Są piłkarze, o których istnieniu byśmy nie wiedzieli, gdyby nie trafili oni do Anglii, Hiszpanii, Niemiec, Włoch czy Francji. Piłkarze, którzy czarują kibiców w takim stopniu, że po udanym dryblingu czy strzale fani przez chwilę znajdują się w fazie zawieszenia, dziwnie wyłupiają oczy i rozszerzają usta. Takie czary potrafi czynić bliżej nieznany norweski zawodnik – Valon Berisha.


Udostępnij na Udostępnij na

Skąd on się urwał? Przecież nazwisko nie wskazuje na norweskie korzenie. I rzeczywiście, jeżeli zagłębimy się w historię Berishy, odnajdziemy informacje, że jego rodzina pochodzi z Kosowa. Co ciekawe, Valon Berisha nie urodził się w Norwegii, ale w Szwecji, dokąd jego rodzice wyemigrowali w czasie wojny domowej w Jugosławii. To właśnie w szwedzkim Malmo 7 lutego 1993 roku Berisha przyszedł na świat. Kilka lat później emigranci z Kosowa zdecydowali się na przeprowadzkę do Norwegii. Tam młody chłopiec szybko odnalazł swoją pasję, którą była piłka nożna. Zatopił się w niej tak głęboko, że już kiedy miał siedem lat, mówiono, że jest w nim coś wyjątkowego.

Valon Berisha
Valon Berisha (fot. Football.no)

Pierwsze lekcje futbolu bohater niniejszego tekstu pobierał w Egersunds IK. Szybko wpadł w oko brytyjskim skautom, którzy przeczesywali norweski rynek w poszukiwaniu piłkarskich diamentów. Młody zawodnik skorzystał z zaproszenia na treningi z Chelsea Londyn, w krótkim czasie zaproszono go również do Manchesteru City i Aston Villi Birmingham. Berisha nie skorzystał z oferty podpisania kontraktu z żadnym z tych klubów, motywując swoją decyzję chęcią pozostania w ojczystym kraju. W wieku 15 lat utalentowany pomocnik zaliczył pierwszy występ w trzecioligowej wówczas drużynie. Wystarczyło niewiele ponad 12 miesięcy, by jego potencjał zauważono w pobliskim Stavanger. W marcu 2009 roku przygoda Valona z Egersunds dobiegła końca zamknęła się na 33 meczach i 11 golach, co jak na tak młodego piłkarza jest naprawdę dobrym wynikiem. W momencie przejścia do Viking Stavanger przed Berishą otworzyły się nowe perspektywy.

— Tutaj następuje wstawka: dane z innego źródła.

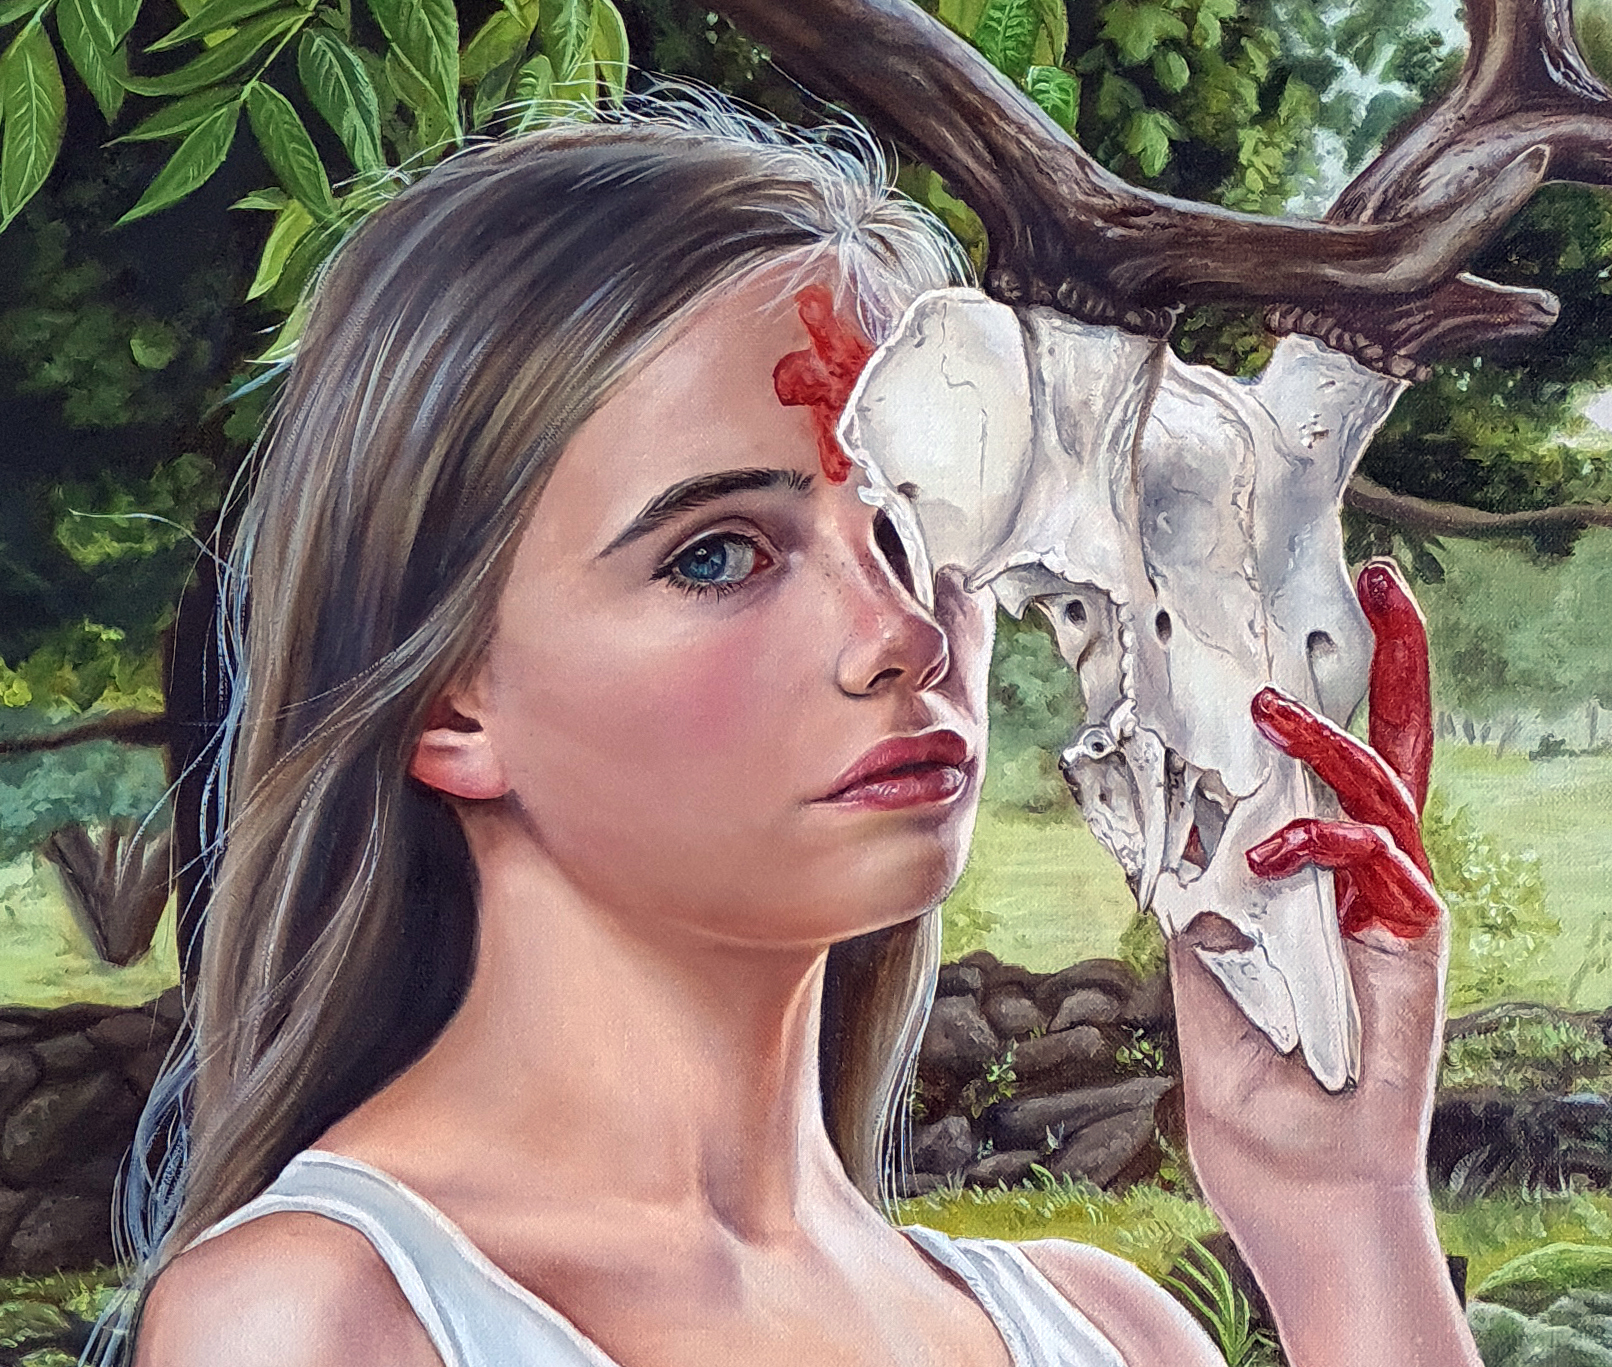 keepers of nothing detail portrait cross on forehead deer skull magical realism christina ridgeway art

21 marca 2010 roku 17-letni wówczas pomocnik zadebiutował w pierwszym zespole Viking Stavanger. Wszedł on na ostatnie pięć minut spotkania z Brann Bergen, zmieniając Vidara Nisję. Łącznie w swoim pierwszym sezonie rozegrał 12 meczów i strzelił tylko jedną bramkę, ale za to jaką. Jego trafienie w spotkaniu z Lillestrom zostało nominowane do miana gola sezonu. Ostatecznie precyzyjny strzał Berishy z dystansu nie zwyciężył, ale wieść o piłkarzu z dynamitem w nogach poszła w świat. Ówczesny szkoleniowiec ekipy ze Stavanger, Age Hareide, twierdził, że jeszcze nie miał przyjemności szkolić zawodnika o tak ogromnym potencjale. – Jestem trenerem od wielu lat i miałem przyjemność pracować z wieloma znakomitymi piłkarzami. Valon być może jest najlepszy z nich wszystkich. Znam tylko jednego zawodnika, który mógł dorównać możliwościom Berishy. Jest nim Ole Gunnar Solskjaer.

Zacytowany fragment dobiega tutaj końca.